# Yao Ming's Numbers At the World Games



## RocketsInFlight (Jul 14, 2002)

Yao Ming in 6 games at the World Championships:
25.7	minutes
19.2	points
7.3	rebounds
1.8	assists
0.7	steals
2.2	blocks
3.0	turnovers
3.5	fouls
6.2	FGM
8.2	FGA
74	FG%
7.0	FTM
9.0	FTA
75	FT%
1/1	3PM/3PA

Easily the best center of the tournament.


----------



## hunterb14 (Jun 12, 2002)

I hope he can put up those numbers when he plays for us. He has dominated the World Championships


----------



## riddler (Aug 25, 2002)

ming has surprised me, i thought he wouldnt even be close to the hype people made him up to be, but he really did surprise me, hes kinda scaring me now.


----------



## jimmy (Aug 20, 2002)

I have to say that Ming surprised me also. He is much faster than I thought a 7'5 center is and has a good all around game. One thing I did notice that should concern Rockets fans is the foul trouble. He got in foul trouble against inferior teams with inferior centers, that should not happen. He should dominate.


----------



## peleincubus (Sep 27, 2002)

I think in about 2 years IF he stays healthy. Yao would be great.
You have to look at all the factors.

This team will be great. They have young players that will be getting better. Even Francis and Mobley; when they realize that there is really something special going on in the rockets organization, they will strive to become even that much better.

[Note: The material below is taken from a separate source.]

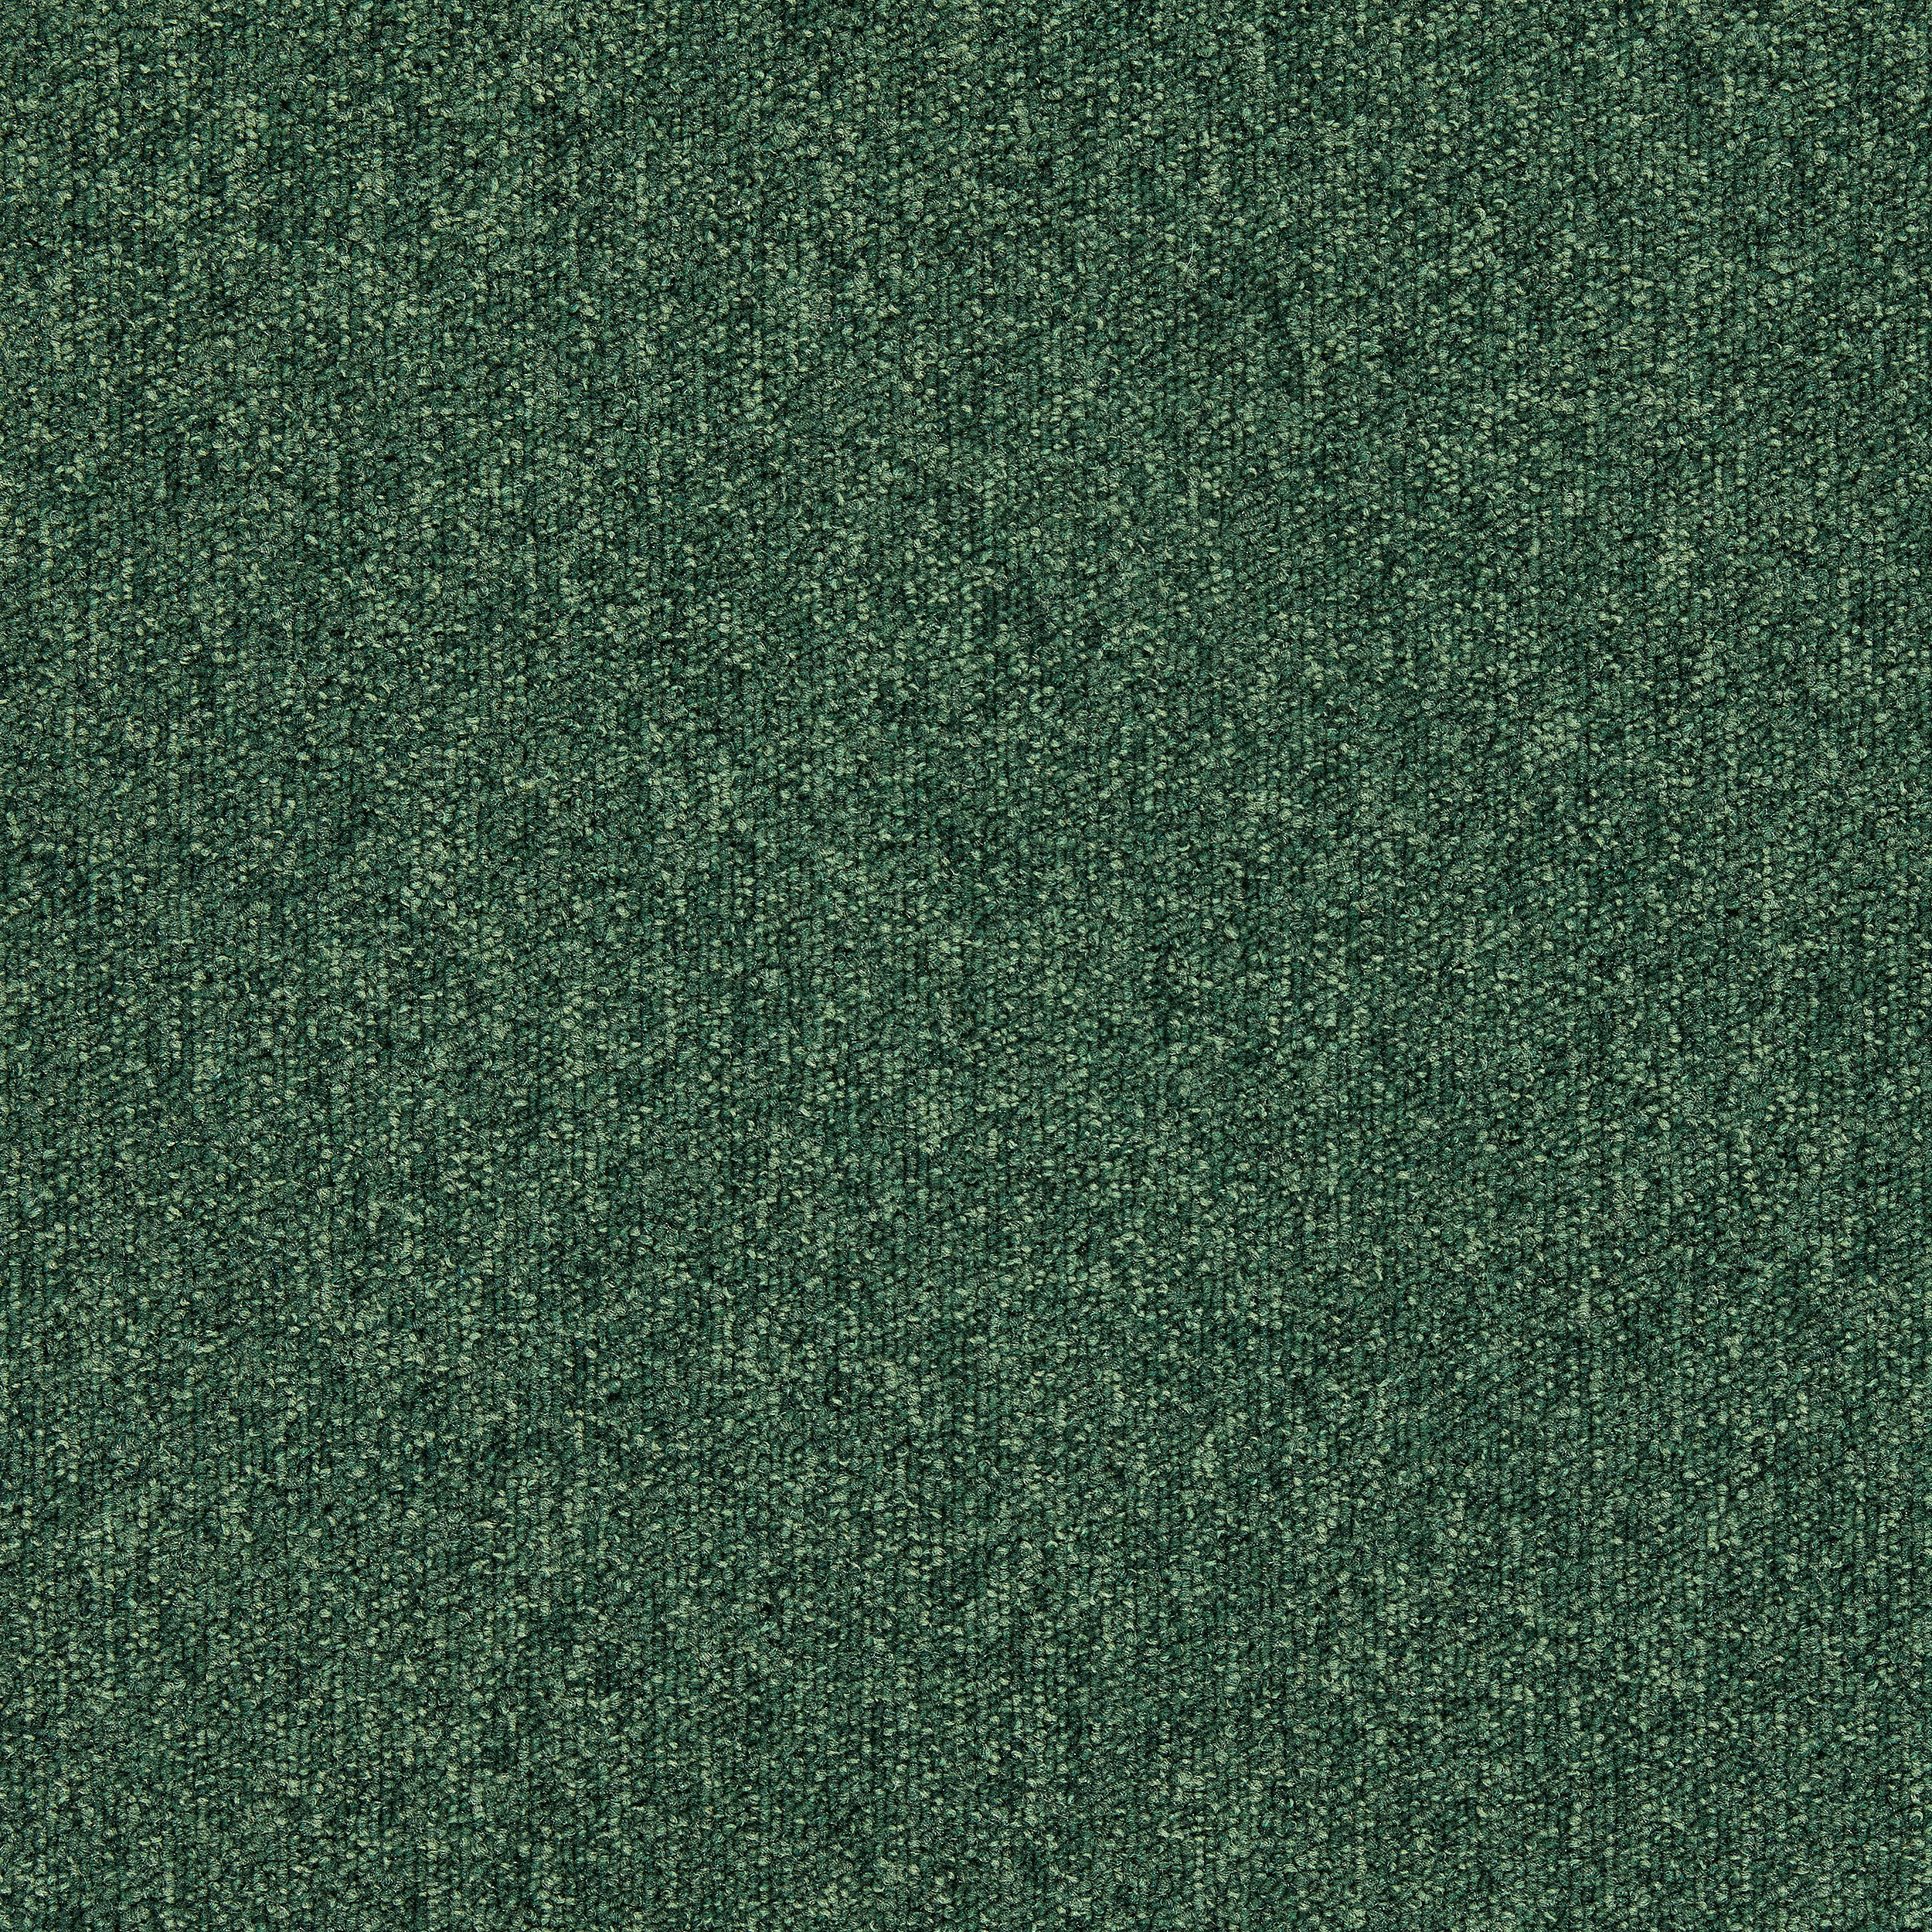 Heuga 727 Carpet Tile In Bottle Green afbeeldingnummer 19
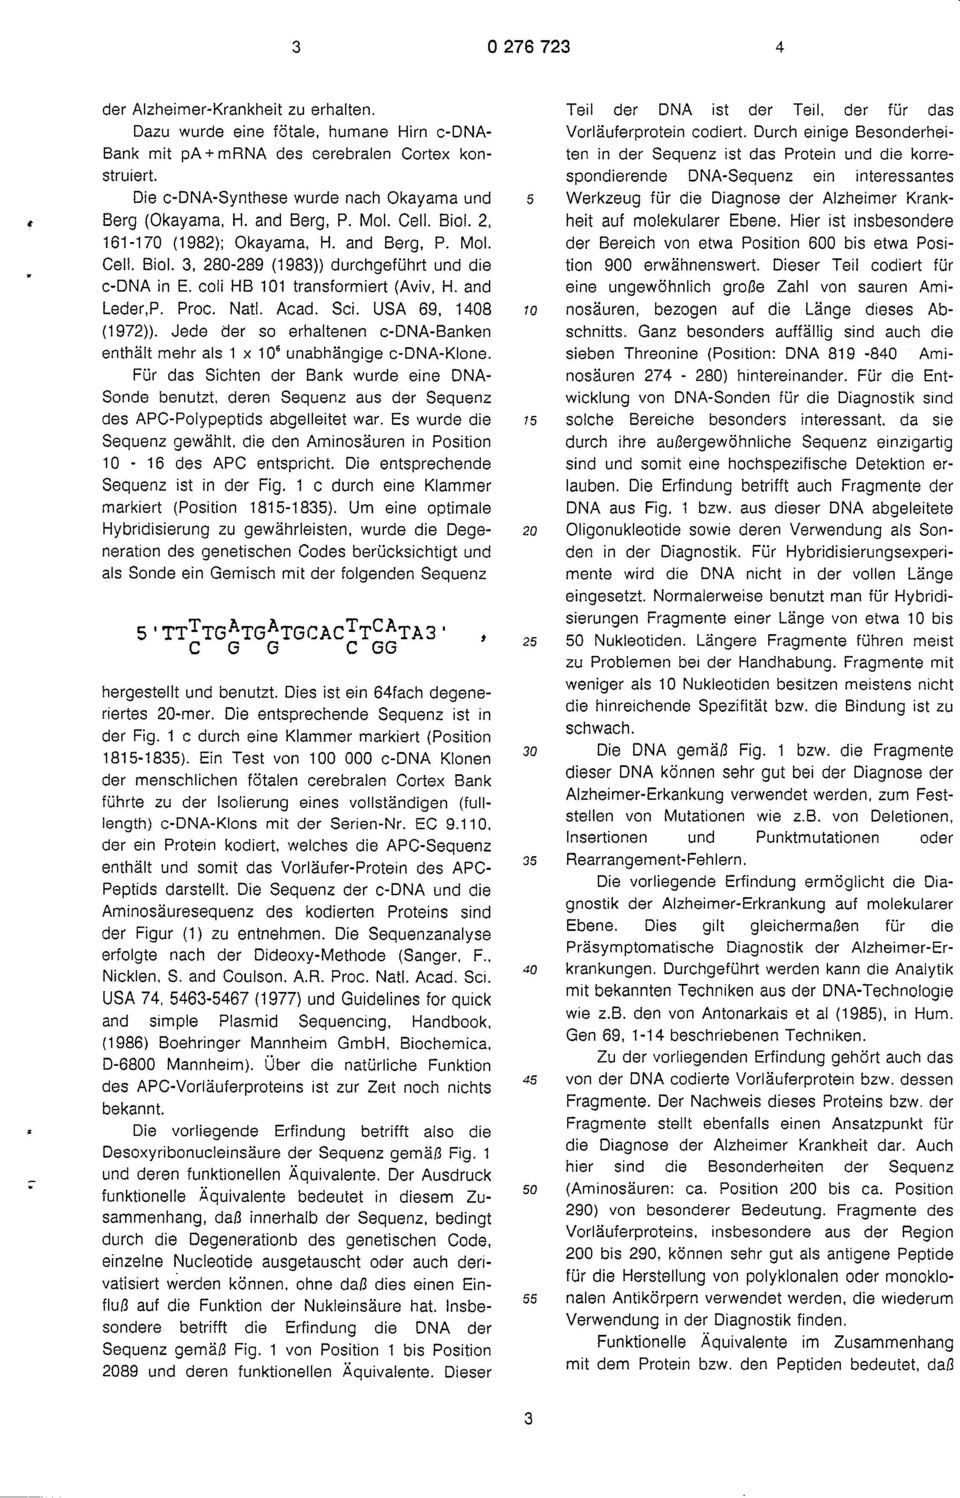 3, 280-289 (1983)) durchgeführt und die c-dna in E. coli HB 101 transformiert (Aviv, H. and Leder.P. Proc. Natl. Acad. Sei. USA 69, 1408 (1972)).

You have to look where he came from, China; they pretty much got there tails kicked in world championships. So that shows you how good they are there. So when Yao gets good coaching from coaches that know what to do w/ a 7 ft. player that Rudy and staff does know how. For instance I read that the players on the china team did not know how to get the ball into Yao. That has something to do w/ the fact that they dont have many 7 ft. players playing there. And dont know what to do w/ a player that tall.

I personally think he will do great by 2004 season. IF he stays healthy.


----------